# Red Cherry Shrimp Missing. Whodunnit?



## VFish (Oct 20, 2010)

I just got 17 Red Cherry Shrimplets yesterday and put them in my aquarium. Currently, I have 1 betta, 3 albino corydoras, 5 black neon tetras, and 3 cardinal tetras. 

Immediately, after I put in the RCS yesterday, I would only find about 8 of them. By last night, I could only find about 5. This morning, it's been about 2. I did a water change today just to see if I could stir things up a bit and figure out where the other 15 shrimp are hiding, but no cigar. 

I've had my aquarium for about a year now. There's no shrimp bodies, nothing. My betta doesn't seem very interested in the shrimp. The cory doras seem too busy digging around in the gravel. The tetras seem so innocent and sweet, it's hard to imagine them eating the little shrimp guys. 

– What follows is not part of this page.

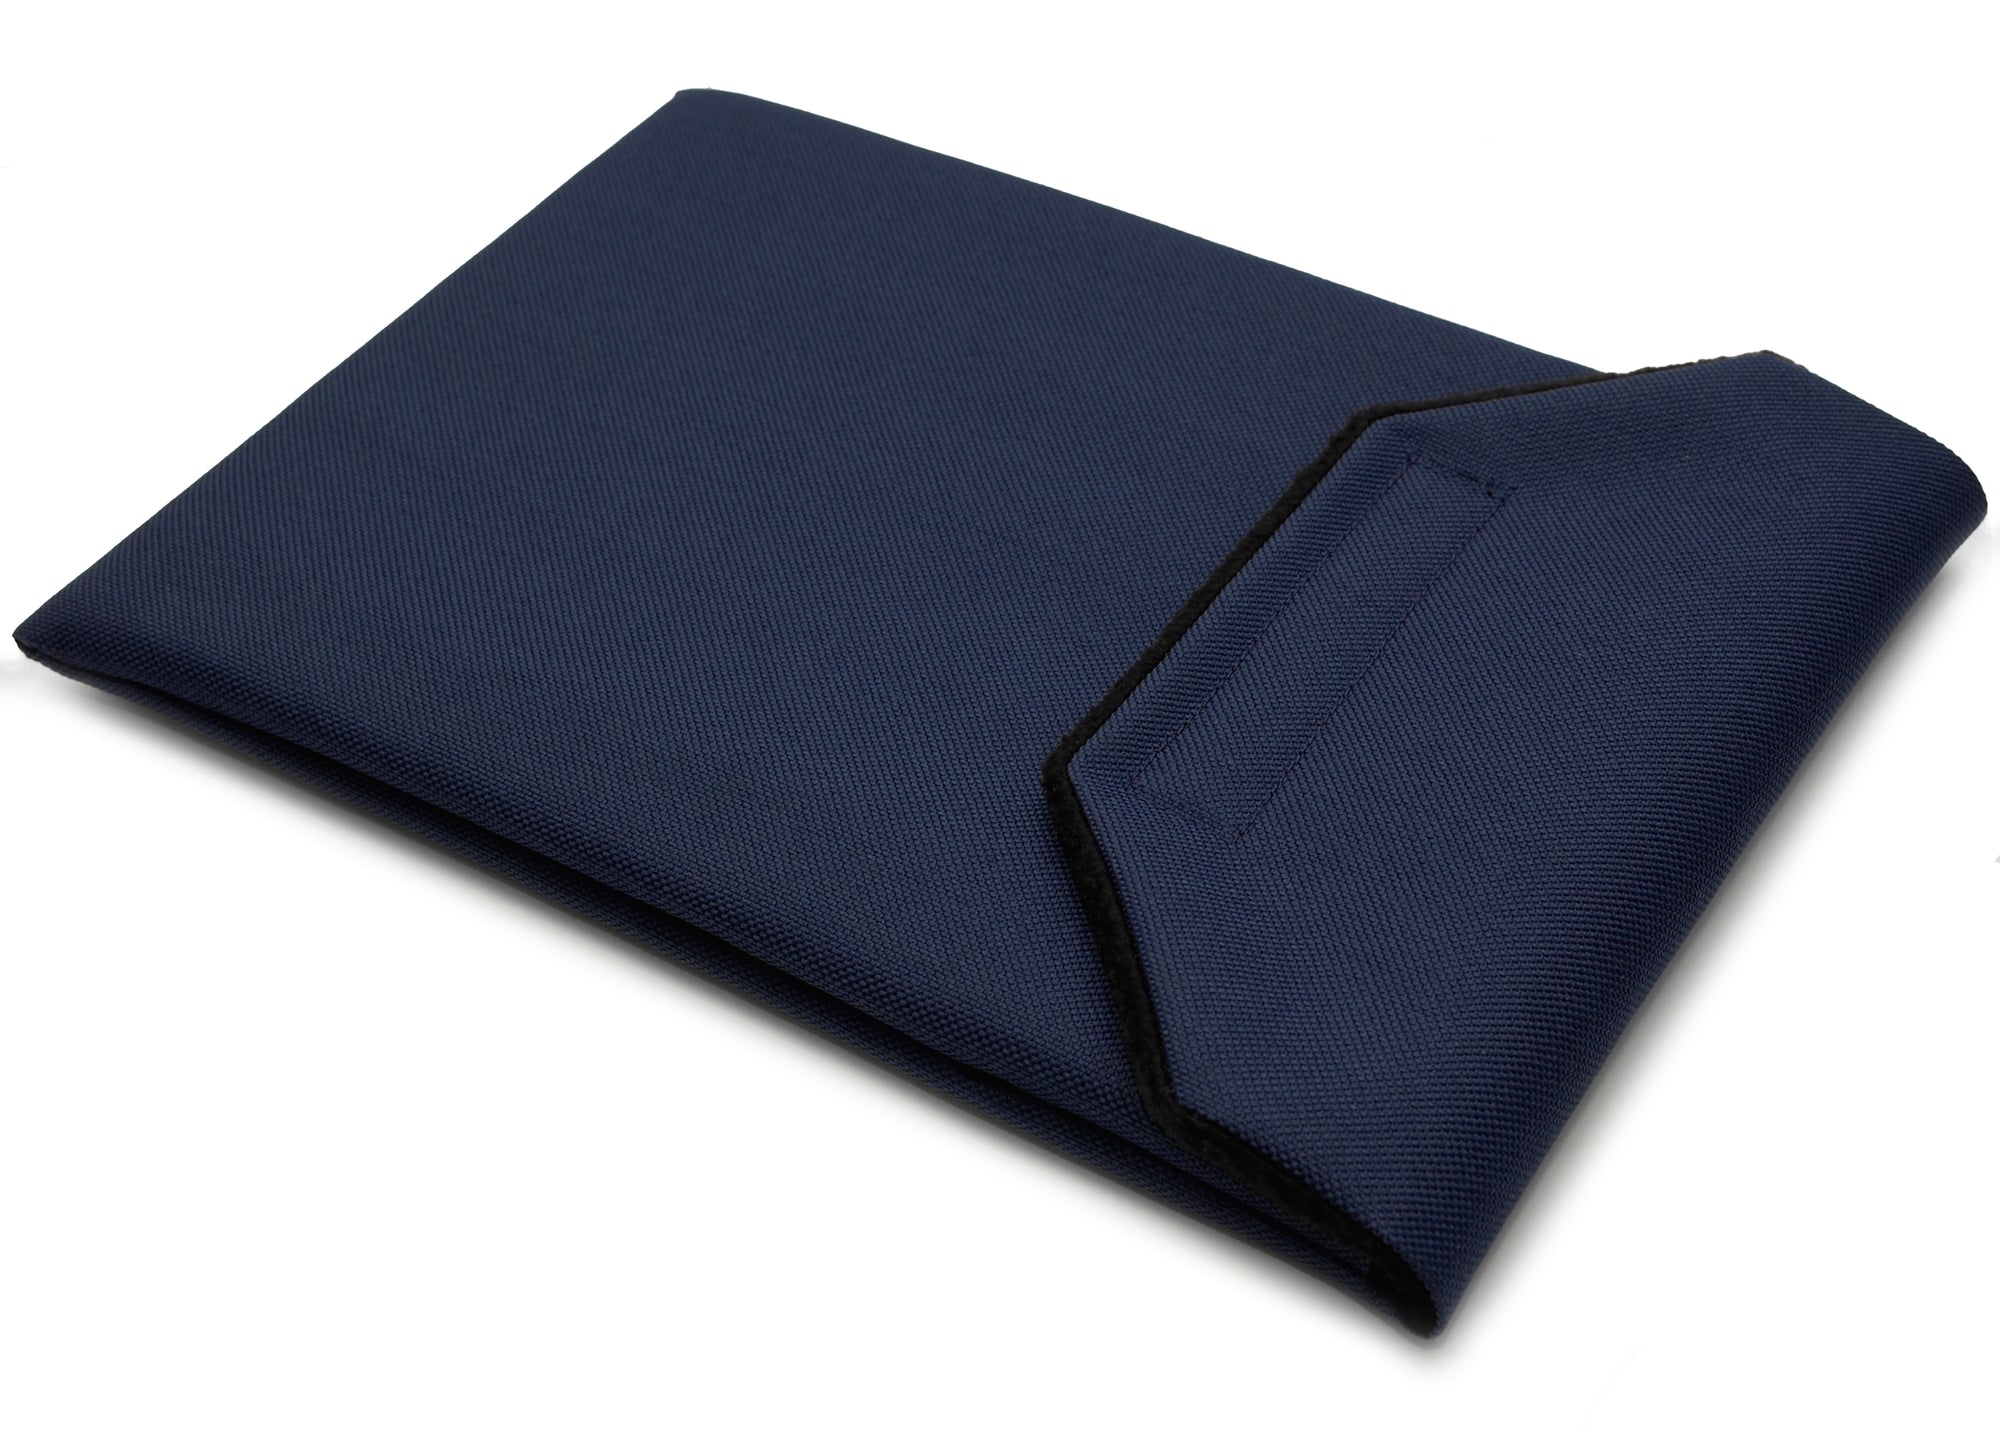 Ipad air 4 sleeve case - everyday canvas - navy blue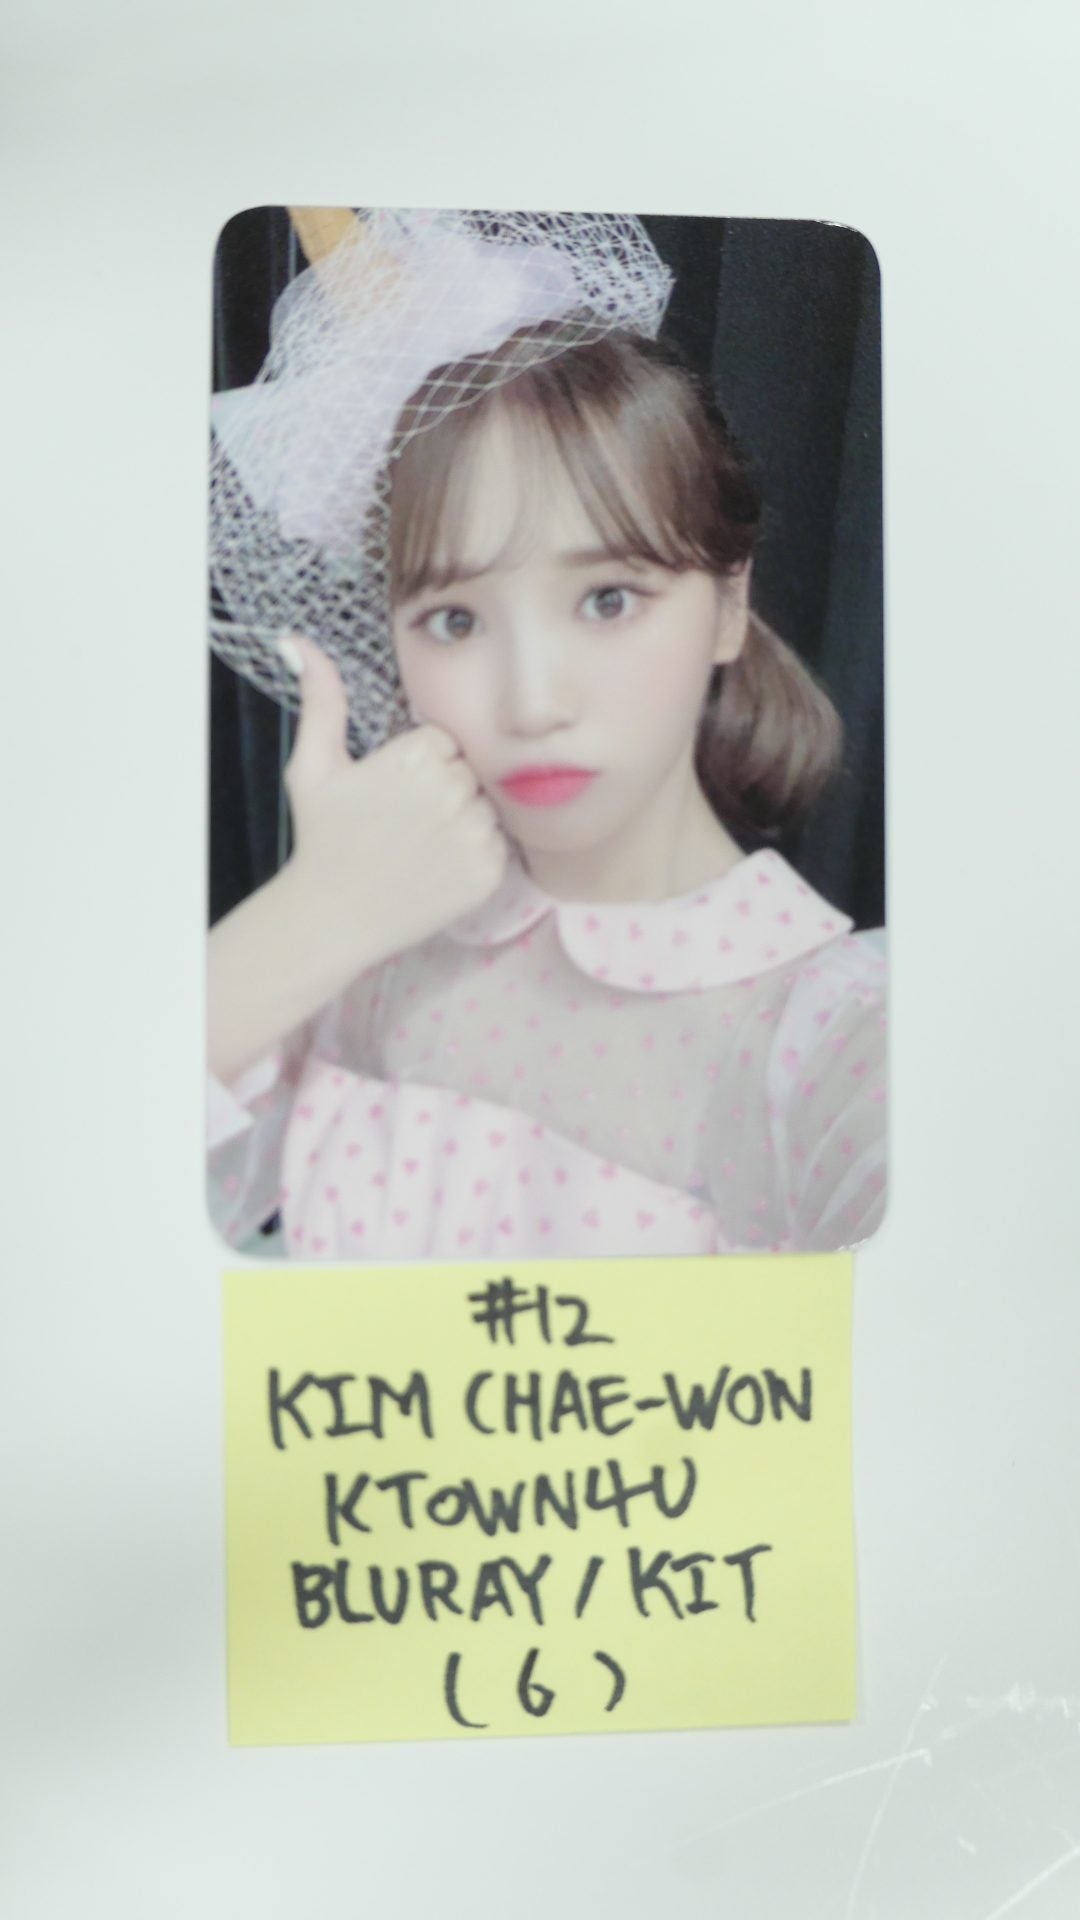 아이즈원 아이즈원 - Oneiric Theater Ktown4u 예약판매 포토카드

So what happened? Do you think the shrimp found some fabulous place to camp out for a few days while the get acclimated or do you think their was a a feast going on among my fish? My aquarium is planted pretty well, and there are places for the shrimp to hide... Please advise. I'm so frustrated!


----------



## 2wheelsx2 (Apr 21, 2010)

The betta.


----------



## InfraredDream (Jun 24, 2010)

I was about to say the same


----------



## bettafish (Oct 10, 2010)

Betta's can be notorious for eating red cherry shrimp :/


----------



## bigfry (Apr 21, 2010)

I bet the betta killed the shrimps, the cory gangs finished the bodies. some shrimps went into the filter. 
Tank still looks clean.


----------



## donjuan_corn (May 6, 2010)

Ya, most fish will leave them alone, but if something is dead in the tank all the fish will snack on it.


----------



## VFish (Oct 20, 2010)

Well, it appears everyone may be behaving after all. I just came home from a jog and saw two of the shrimp on the glass so I scooped them out and started a nano bowl with them. After that I started searching around and found 8 more. I'm hoping the other seven have found some miraculous hiding places in my aquarium. I guess I'll figure that out in time!


----------



## Diztrbd1 (Apr 21, 2010)

gonna have to agree with the Betta being the guilty culprit


----------



## VinnyD (Apr 21, 2010)

yah..gotta be careful with small shrimps with other tankmates...there is a selct few species of fish that can co-live with small shrimps.


----------



## katienaha (May 9, 2010)

betta for sure. generally wont touch an adult shrimp, but babies are tasty snacks.


----------